By Ryan Sitton
for Drilling Contractor Magazine
Earlier this year, Hurricane Harvey left more than 12 million people in Texas and Louisiana without homes. The devastation of this storm was more far-reaching than anyone imagined. My neighborhood in southeast Houston received more than 56 inches of rain. Although the hurricane has passed, my thoughts and prayers are still with all those working to rebuild their lives.
At one point, Hurricane Harvey effectively shuttered 24% of the nation’s refining capacity, and as much as 10% of US drilling was expected to be delayed. Pipeline infrastructure, including the Magellan, Explorer and Colonial pipelines, were taken offline. Power outages affected natural gas liquid (NGL) fractionating plants. The Gulf of Mexico’s share of US production was cut from above 25% to below 5%. The Port of Corpus Christi, the nation’s No. 1 crude oil export port, closed for six days. These impacts left the nation with another point of concern — how would Texas, the US and the world meet energy needs?

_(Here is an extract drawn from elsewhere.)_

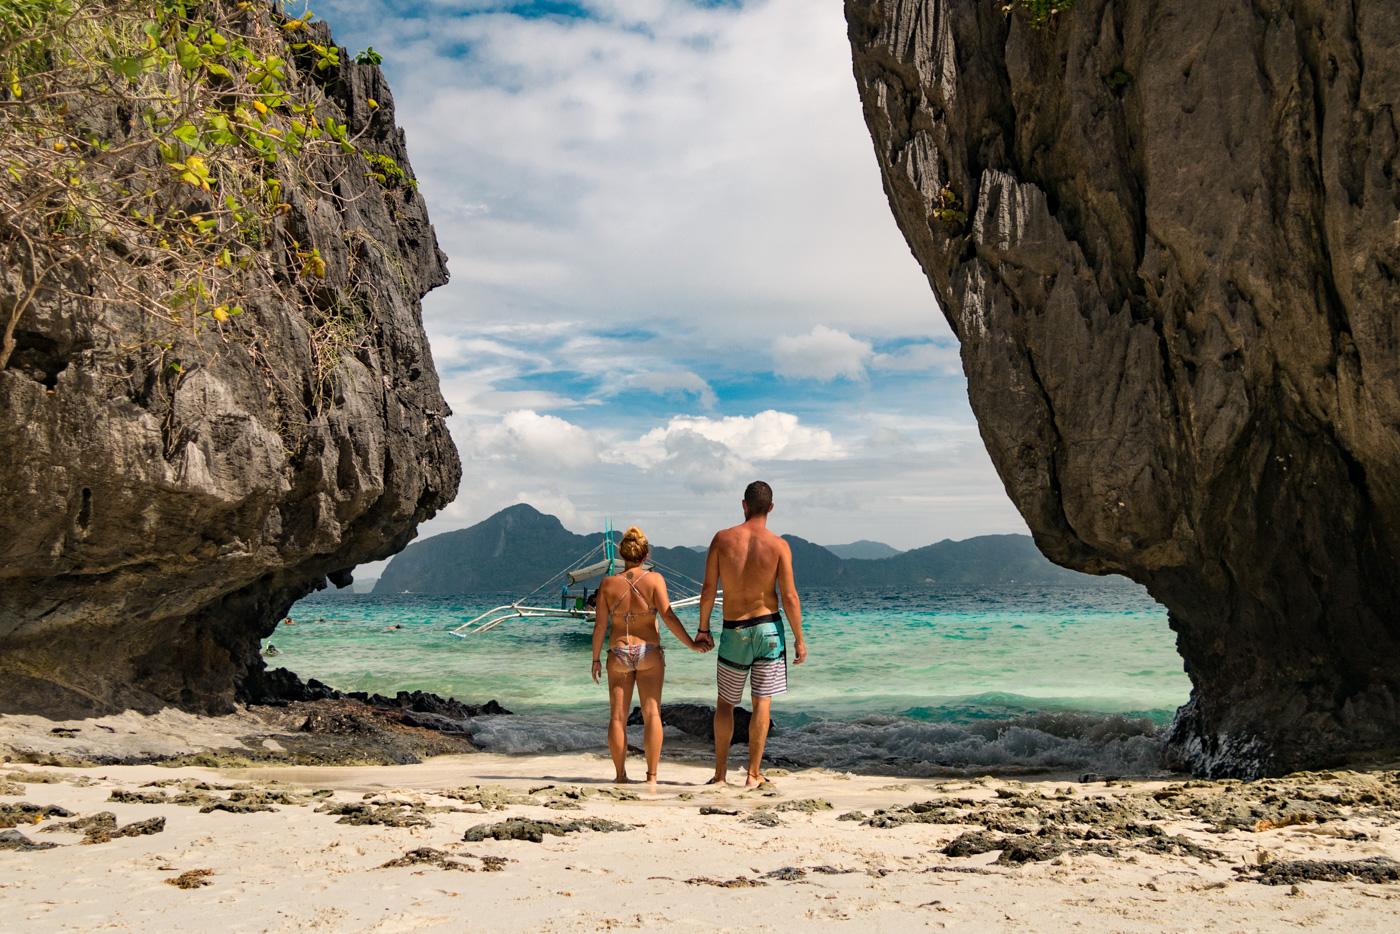 Islandhopping Tour B - El Nido, Palawan - Philippinen

Both government and industry worked quickly to fill energy demand and bring infrastructure back online, but the effect on the global market, while not devastating, was undeniable. Gasoline futures rose nearly 7%, and the dollar weakened to a 16-month low. The idea that one state could impact the world in such a way makes it clear – Texas’ natural resources are the key to America’s energy security.
Our current federal administration has emphasized that an all-of-the-above strategy is paramount to the continued success of American energy. Every nation wants clean, affordable and reliable energy sources, but until now, producing that has been a challenge. Where some countries are rich with natural resources, they lack infrastructure and refining facilities. Where others have natural resources and infrastructure, they lack an experienced workforce.
In Texas, we have the natural resources, pipelines, ports, workforce and regulatory environment that allow us to produce energy cleaner and more efficiently than anyone else. These components, paired with our all-of-the-above energy portfolio, have made Texas the leading net exporter of energy in the US.
Further, the state produces 41% more energy than it consumes. Let’s put that into perspective.
While fossil fuels dominate Texas energy production, renewables account for a significant portion of our electricity grid. In Q1 2017, wind generation accounted for nearly 23% of power generation for the Electric Reliability Council of Texas (ERCOT). ERCOT also projects that solar power could contribute up to 28,100 megawatts to the grid within 10 to 15 years. Two nuclear plants supply one-tenth of the state’s net electricity generation.
Texas produces more than a third of the country’s crude oil, and with untapped reserves in the Alpine High, Permian Basin and Eagle Ford, our production continues to grow. The state is also home to 15 coal-fired power plants and is the seventh-largest coal producer in the nation. Natural gas arguably has the most potential, and the country receives more than one-fourth of this resource from Texas.
As the US exponentially grows its production of clean and reliable energy like natural gas – which surpassed coal as a power source for the first time in 2016 – we are also significantly reducing emissions and providing clean energy to our allies overseas. The US decreased emissions by 15% between 2005 and 2016, not because of the Paris Accord or Clean Power Plan but because of technological advancements from the industry, like hydraulic fracturing. Hydraulic fracturing in the US has created thousands of jobs, enhanced our economic and national security, and reduced emissions from electric-generation facilities.
This technique has allowed producers to unlock shale plays and develop abundant natural gas reserves, which are now being shipped from our ports to more than 20 countries around the world, like China, Pakistan and India.
Take, for example, Mexico’s reliance on American natural gas. Right now, Mexico imports about 112,000 million cu ft of natural gas each month from Texas via pipeline. By 2019, US natural gas exports to Mexico will double, and that means more money for our schools, roads, hospitals and economy. Mexico’s energy reforms and demand, coupled with near historic highs in US production, are creating an enormous opportunity from which both countries will benefit.
Liquefied natural gas (LNG) is also creating economic opportunities for Texas and the nation. The US Energy Information Administration predicts US LNG exports will increase from 1.4 Bcf/day at the end of 2016 to 9.5 Bcf/day by the end of 2019. With this growth, economists are predicting the US will be a global leader in energy exports by 2022.
Prior to the shale boom in 2008, the United States believed it did not have enough natural gas to meet its demand. Import facilities were built to take in natural gas from other countries.
But now we need to begin thinking differently about the role energy plays in the world. Texas natural gas production, the innovation of our drillers and refined products exports are disrupting the global market, securing our economic growth and national security, and placing the US in a position of energy dominance.